**Exercise description**. Nothing but the text belongs in the answer: the listing below, copied exactly, without pictures.

**Data**.
· · · ·

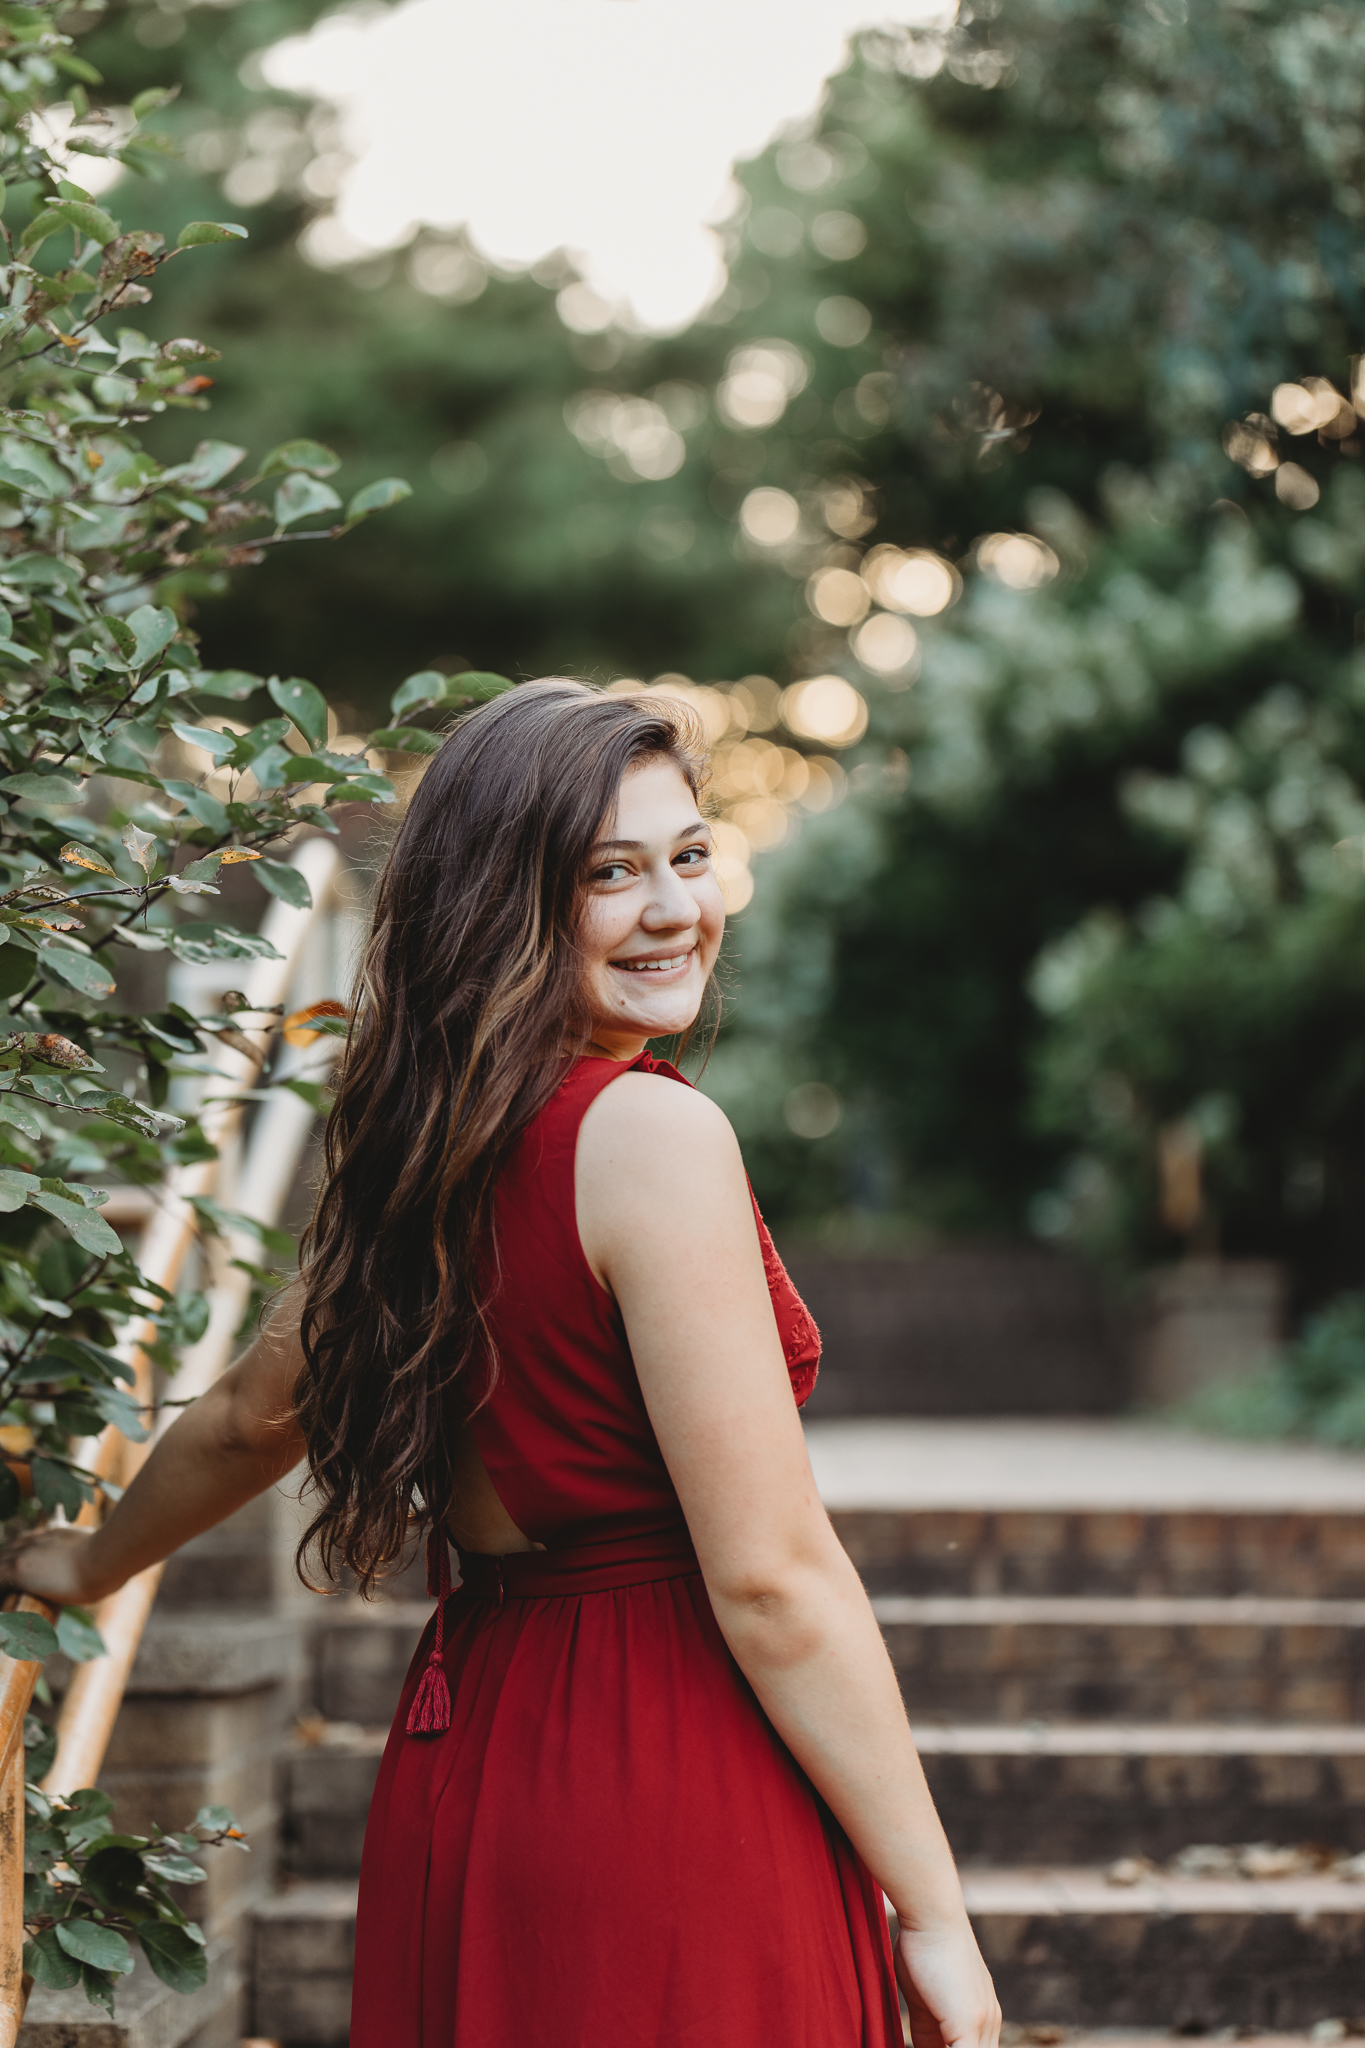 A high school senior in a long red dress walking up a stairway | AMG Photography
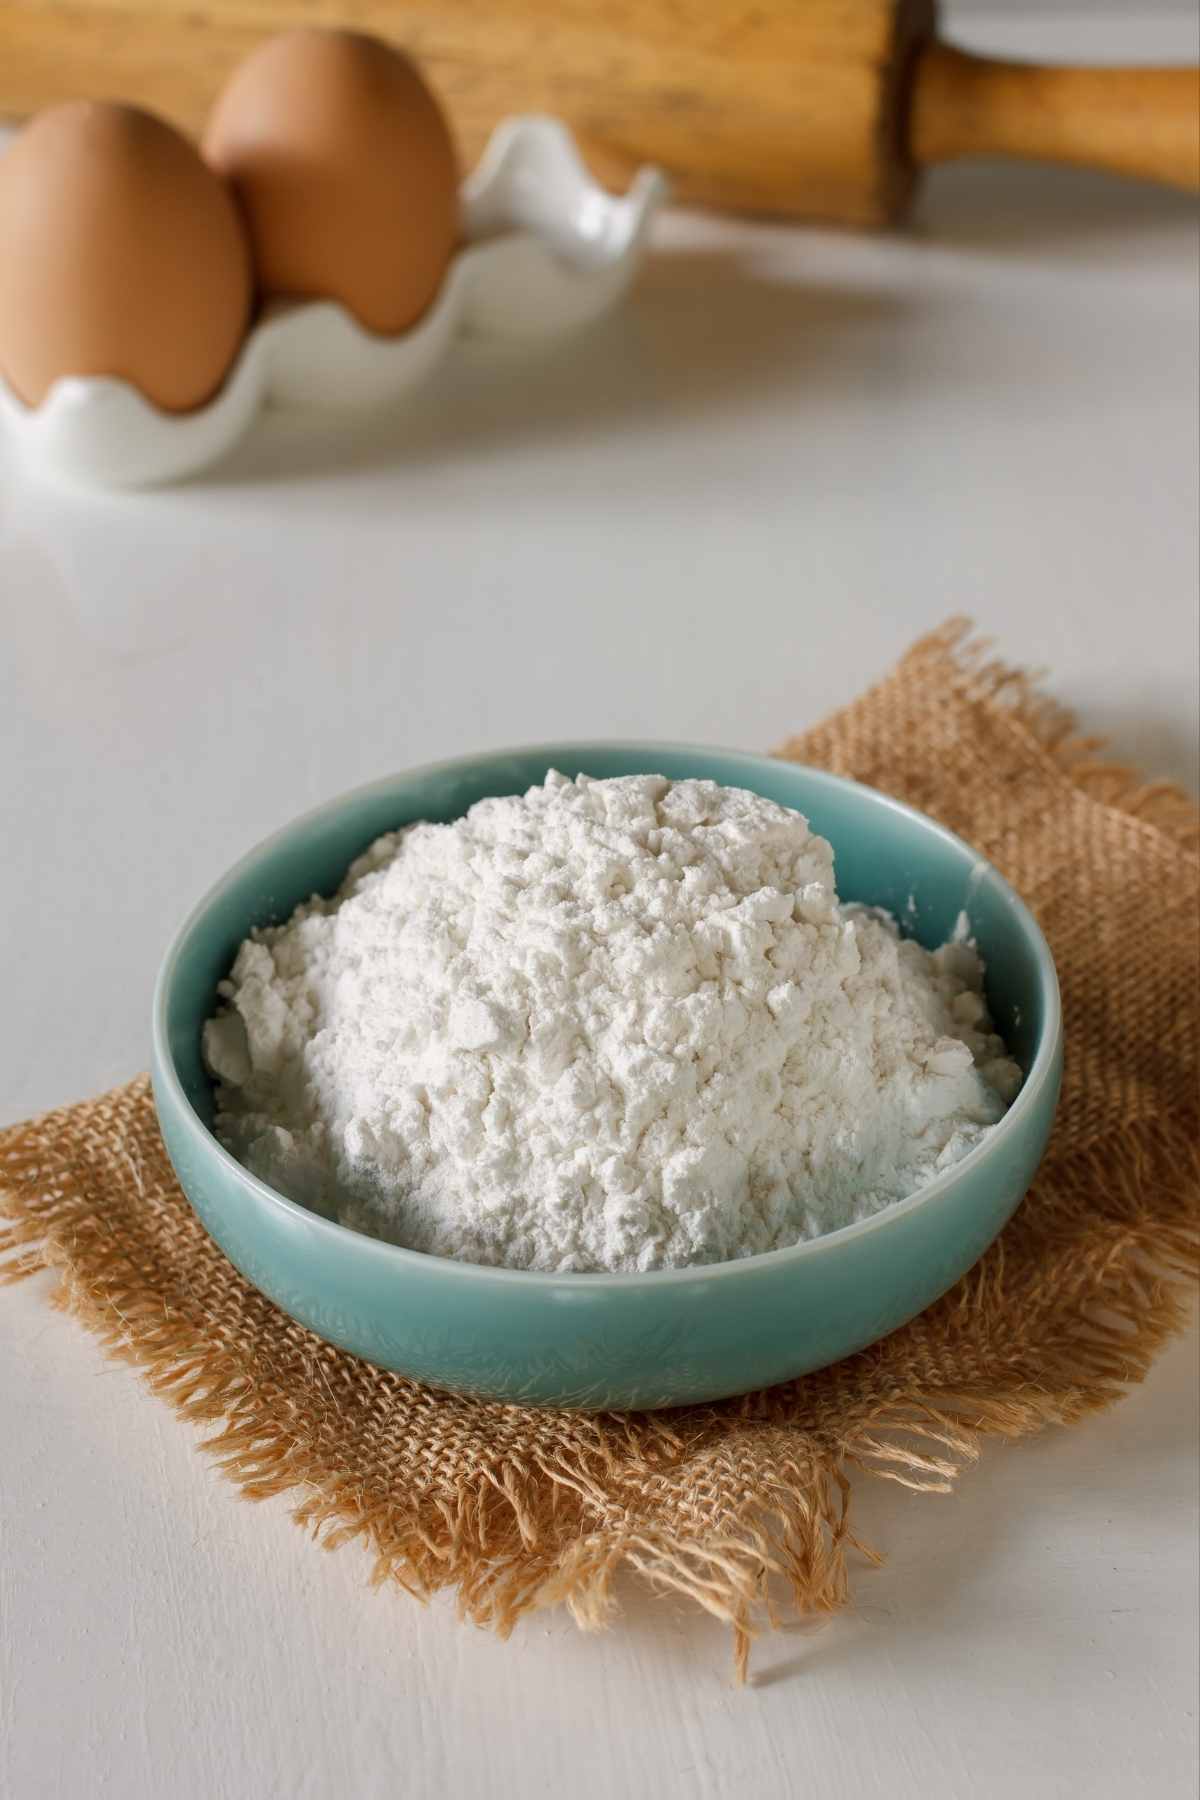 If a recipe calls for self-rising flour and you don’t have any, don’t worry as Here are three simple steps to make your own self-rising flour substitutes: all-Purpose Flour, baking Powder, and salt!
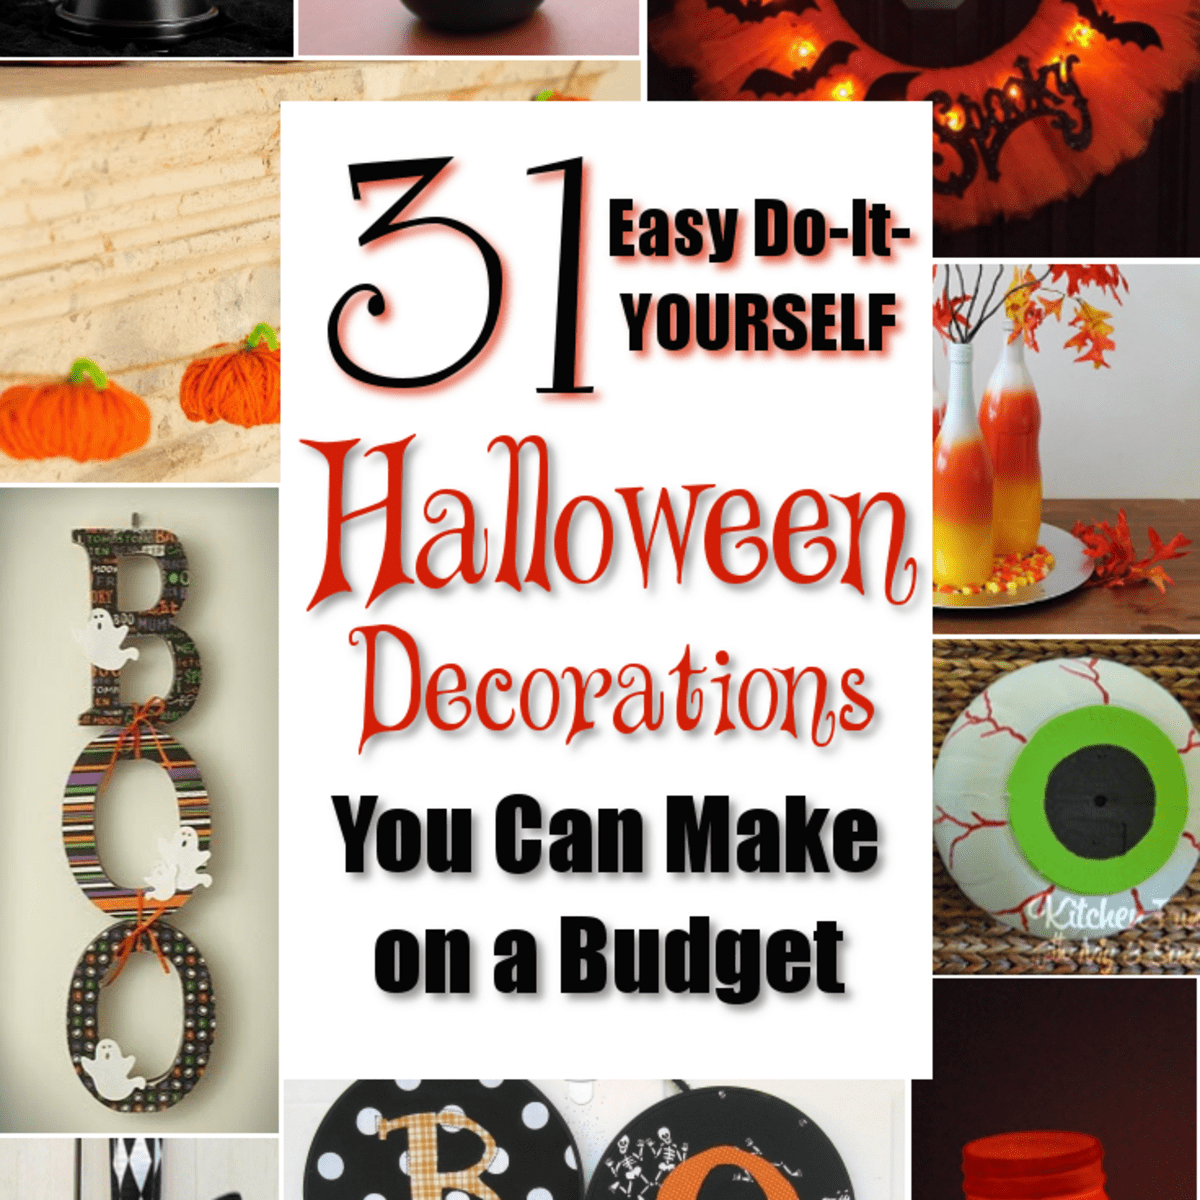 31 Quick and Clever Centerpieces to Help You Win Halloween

· · · ·

**Reply**.
 A high school senior in a long red dress walking up a stairway | AMG Photography
 If a recipe calls for self-rising flour and you don’t have any, don’t worry as Here are three simple steps to make your own self-rising flour substitutes: all-Purpose Flour, baking Powder, and salt!
 31 Quick and Clever Centerpieces to Help You Win Halloween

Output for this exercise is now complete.